Highly enhanced dephosphorylation of phytic acid via pre-complexation of PA-Fe2+ in the Fenton system: High activity, wide pH range and ferryl-based mechanism

Abstract

Phosphate (P) recovery through organic phosphorus (OP) decomposition is extremely crucial for prevention of water eutrophication and the sustainable development of P resources. In this work, for the first time, efficiently abiotic dephosphorylation of phytic acid (PA) through improved Fenton was proposed. The pre-complexation of PA with Fe2+ are creatively revealed to not only enhance the catalytic performance of Fenton reaction to dephosphorylate PA from 33.4 ± 2.1% to 76.3 ± 3.7%, but also extend the pH (3.5–9.0) of Fenton reaction to neutral and alkaline conditions.
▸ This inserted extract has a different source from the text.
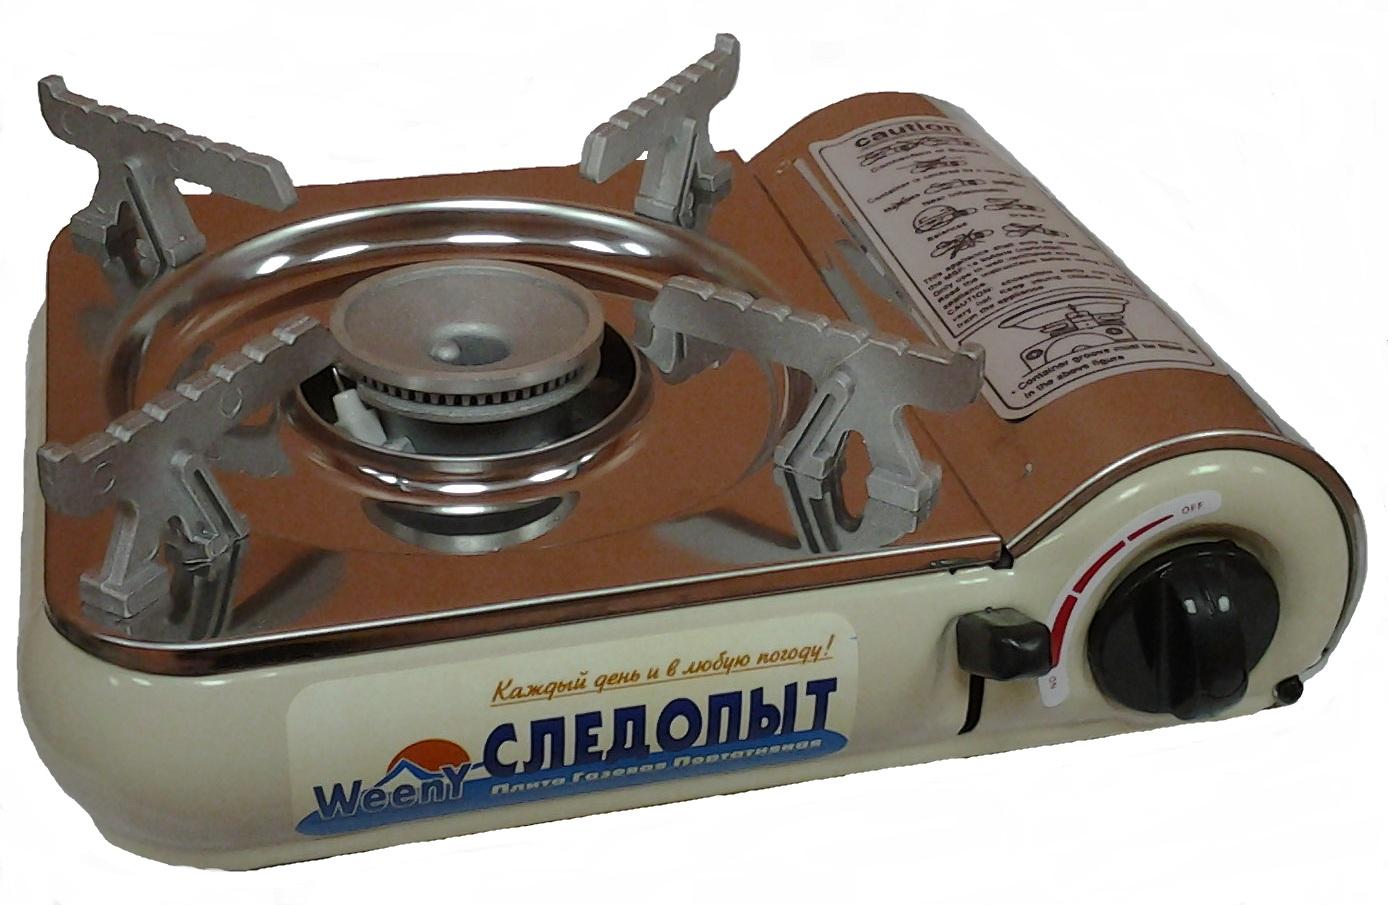 Плита газовая СЛЕДОПЫТ- WeenY, наст. (с подогревом) Плиты<br>Самая маленькая по габаритным размерам <br>настольная газовая плита «Следопыт-WeenY» <br>ХАРАКТЕРИСТИКИ: Мощность горелки:2,5 кВт. <br>Тип горелки: закрытая, с кольцевым пламенем <br>Вес плиты с кейсом: 1,2 кг. Габаритные размеры <br>плиты:250 х 190 х 70 мм. Расход газа:155 гр./час. <br>Пьезоэлектрический розжиг: есть Тип используемых <br>баллонов: - нажимной, с цанговым захватом<br>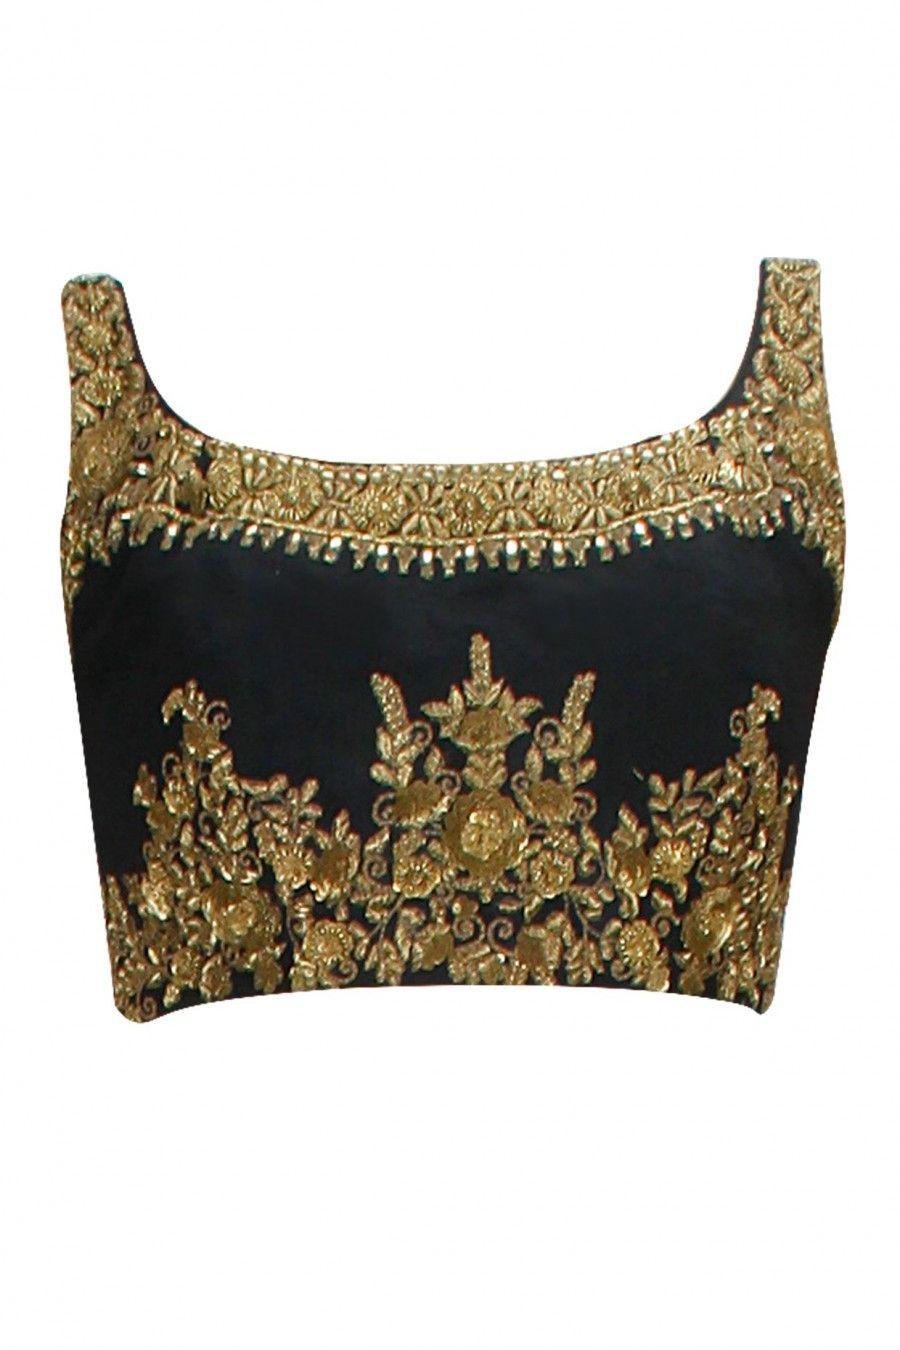 Black velvet Blouse, gold embroidery , ornate , sleeveless

The pre-complexation of PA with Fe2+ exhibited much higher Fenton reactivity at neutral (65.5 ± 1.2% at pH = 7.0) or alkalescency (76.3 ± 3.7% and 73.1 ± 2.1% at pH of 8.0 and 9.0, respectively) condition than that at acid condition (49.2 ± 2.4% and 57.1 ± 4.3% at pH of 3.6 and 6.0, respectively). Such significant enhancement (p < 0.05) was mainly dependent on the coordination schemes for the complex PA-Fe3+, and ascribed to the accelerated iron cycle, the decreased redox potential of Fe3+/Fe2+, and the generated ferryl species (PA-FeX = O, X means high valence) as main reactive species. PA degradation by this improved Fenton system occurred in a stepwise dephosphorylation manner via I(1,3,4,5,6)P5, I(1,4,5,6)P4 or I(3,4,5,6)P4, I(4,5,6)P3, I(5,6)P2 or I(4,5)P2, and I(5)P1. Furthermore, this improved Fenton system (PA-Fe2+/H2O2) could be a promising method for the attenuation of refractory organic pollutants through ferryl species in natural environment as a kind of “broad-spectrum catalyst”.